Budget-linked package that removes several corrections oversight bodies, rewrites prison program and TB-screening rules, and authorizes a time‑limited tribal peace‑officer pilot with reporting and liability requirements.

The Brief

SB 134 is a Budget Act–related bill that bundles a set of substantive changes to California’s corrections, juvenile facilities, and related public‑safety programs. It removes or repeals several oversight structures, modifies who can deliver and supervise certain correctional and behavioral‑health services, tightens institutional tuberculosis screening protocols for staff, adjusts rules for postsecondary prison programs, and establishes a time‑limited Tribal Police Pilot under state oversight.

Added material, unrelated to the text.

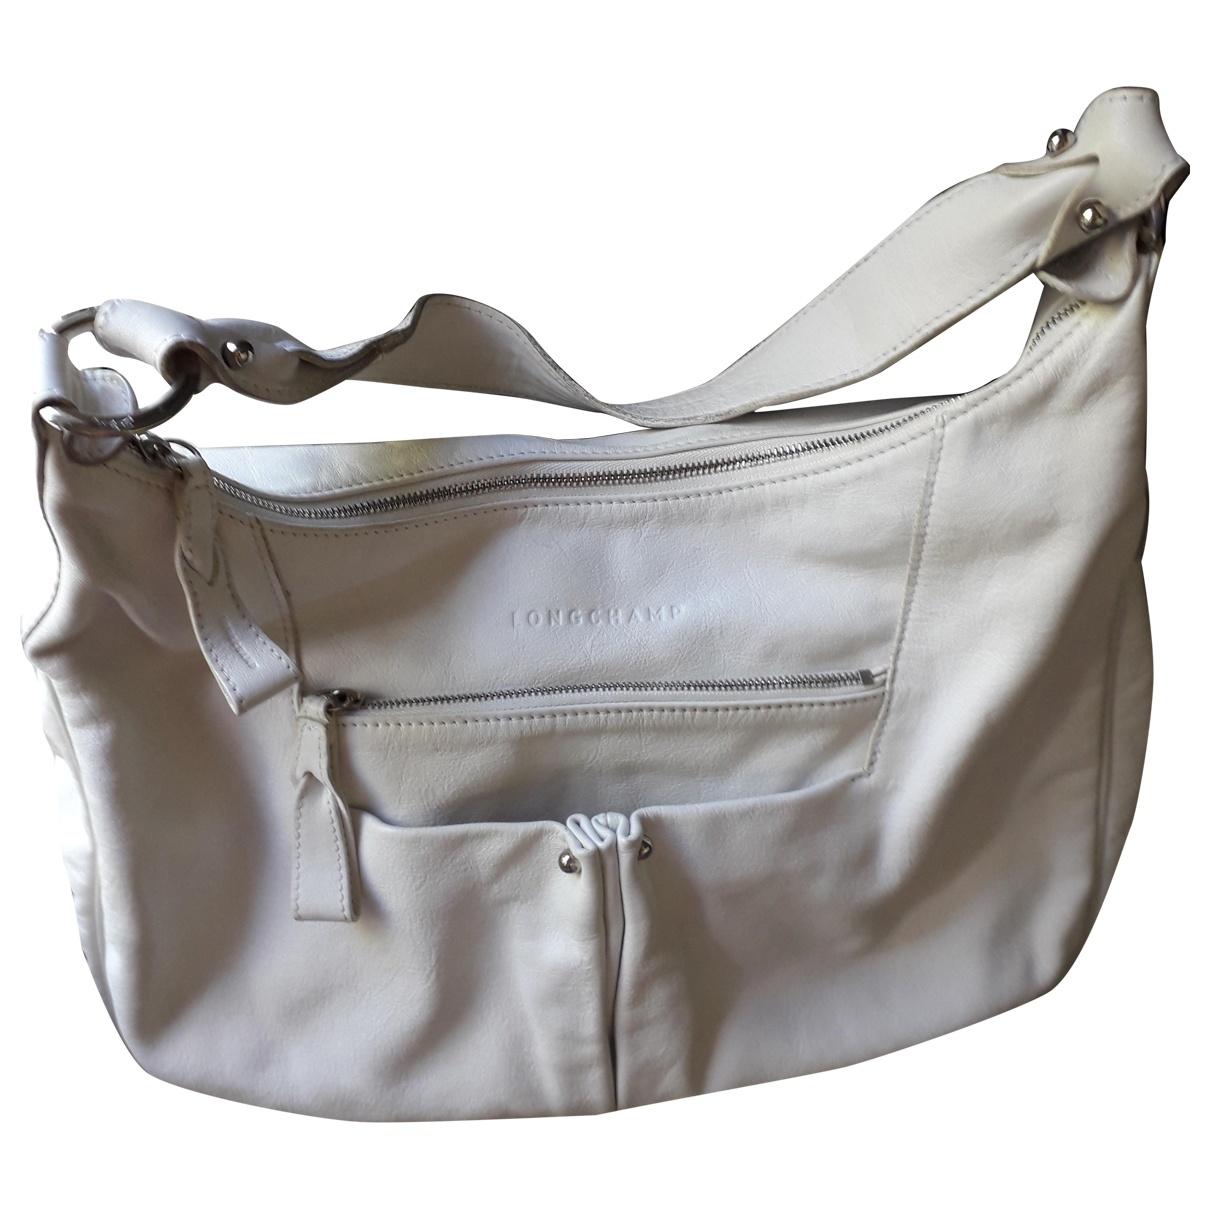 Longchamp - Sac a main   pour femme en cuir - blanc
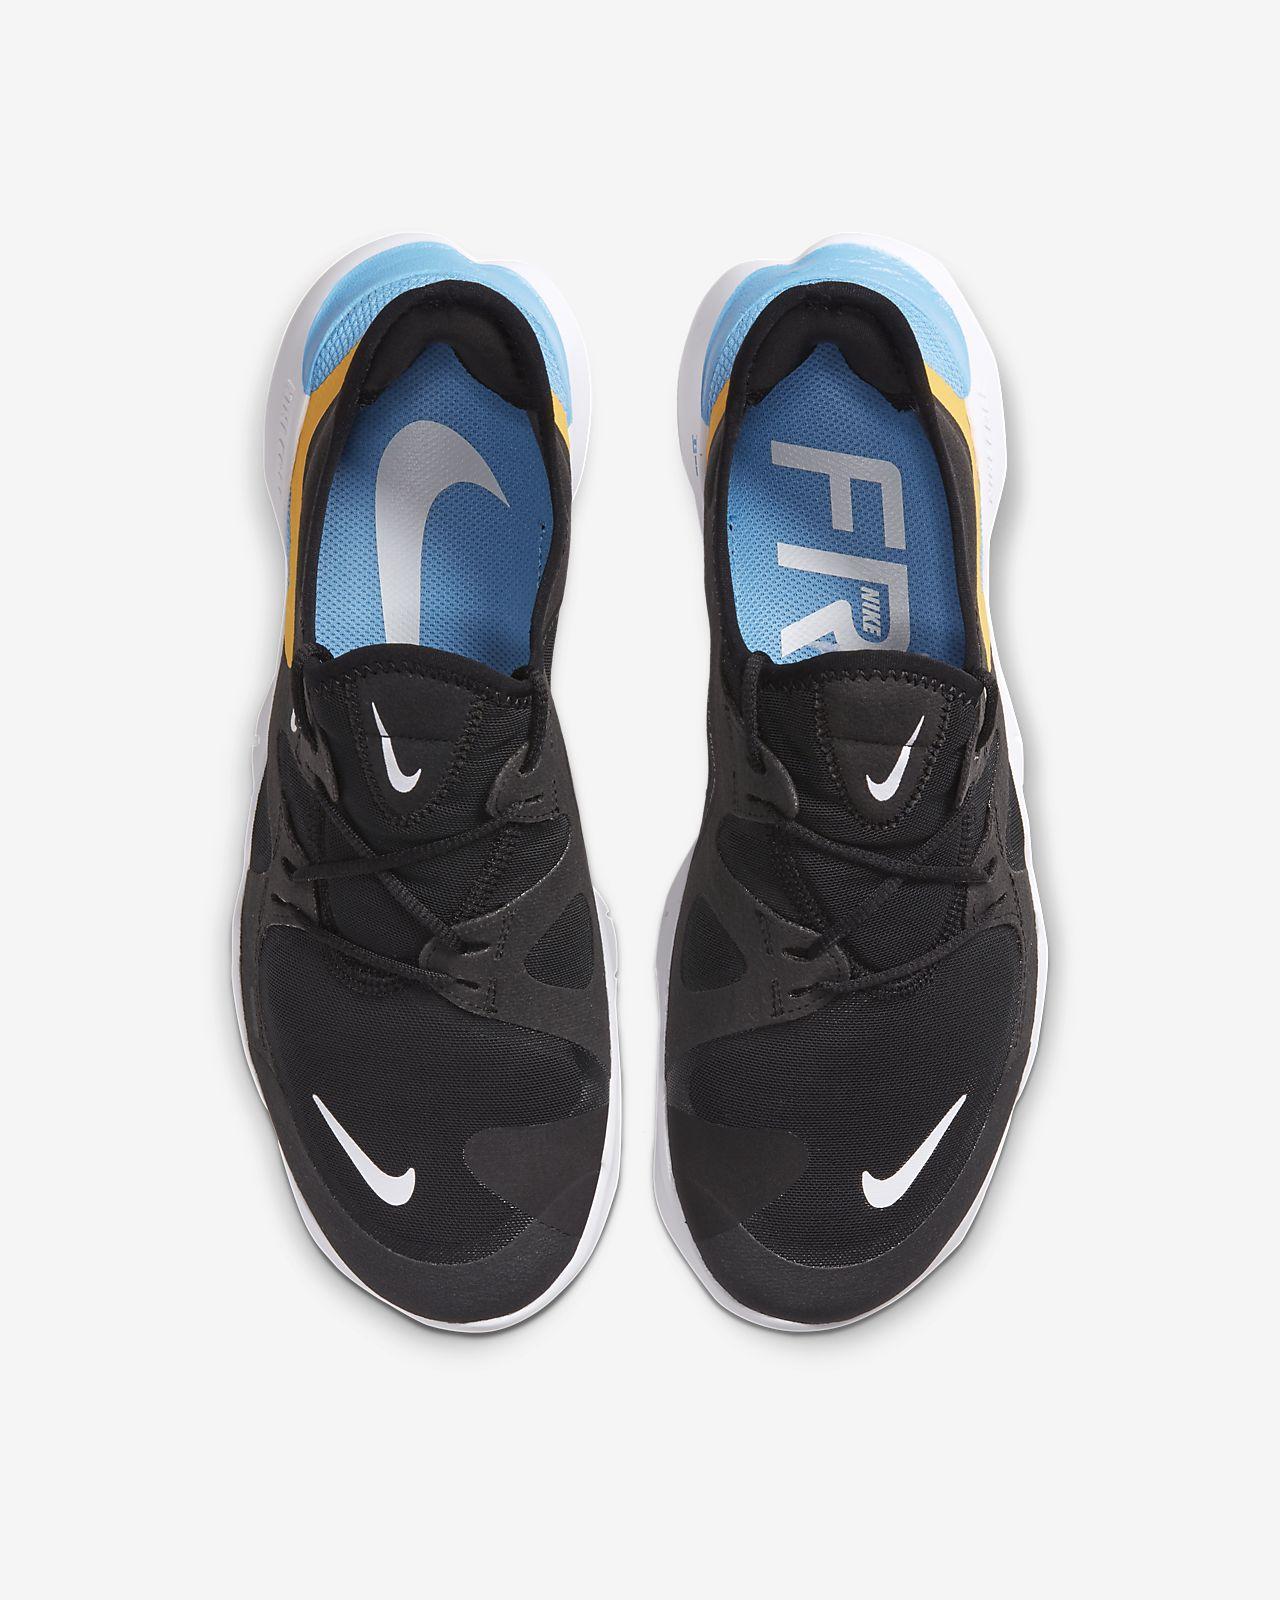 5 RN Laufschuh Nike 0 Free Herren W92IHED

The bill matters because it repurposes oversight and funding architecture while imposing new operational and transparency requirements on tribes that choose to participate in the pilot. For corrections administrators, health‑services directors, county juvenile systems, and tribal governments, SB 134 changes who has authority, what documentation employees must provide, and what legal exposures and reporting duties attach to new cross‑jurisdictional policing arrangements.

At a Glance

What It Does

SB 134 repeals select boards and funds tied to recidivism and rehabilitation oversight, revises staffing and licensure waivers for correctional mental‑health providers, prescribes baseline and annual TB screening procedures for staff who work inside institutions, broadens eligible providers for prison college programs, and creates a limited Tribal Police Pilot that grants peace‑officer status to designated tribal officers subject to state certification and tribal legal changes.

Who It Affects

State and county corrections agencies, prison education vendors, clinical and behavioral‑health staff in prisons, community‑based reentry organizations that relied on certain state grant pools, the Board of State and Community Corrections (BSCC), the Office of the Inspector General, and any tribe that opts into the pilot program.

Why It Matters

The bill shifts oversight away from some existing independent bodies toward state departments and targeted statutory controls, creates a novel pathway for tribal officers to exercise California peace‑officer authority under tight state conditions, and embeds new public‑records, liability, and certification obligations that tribes must accept to participate.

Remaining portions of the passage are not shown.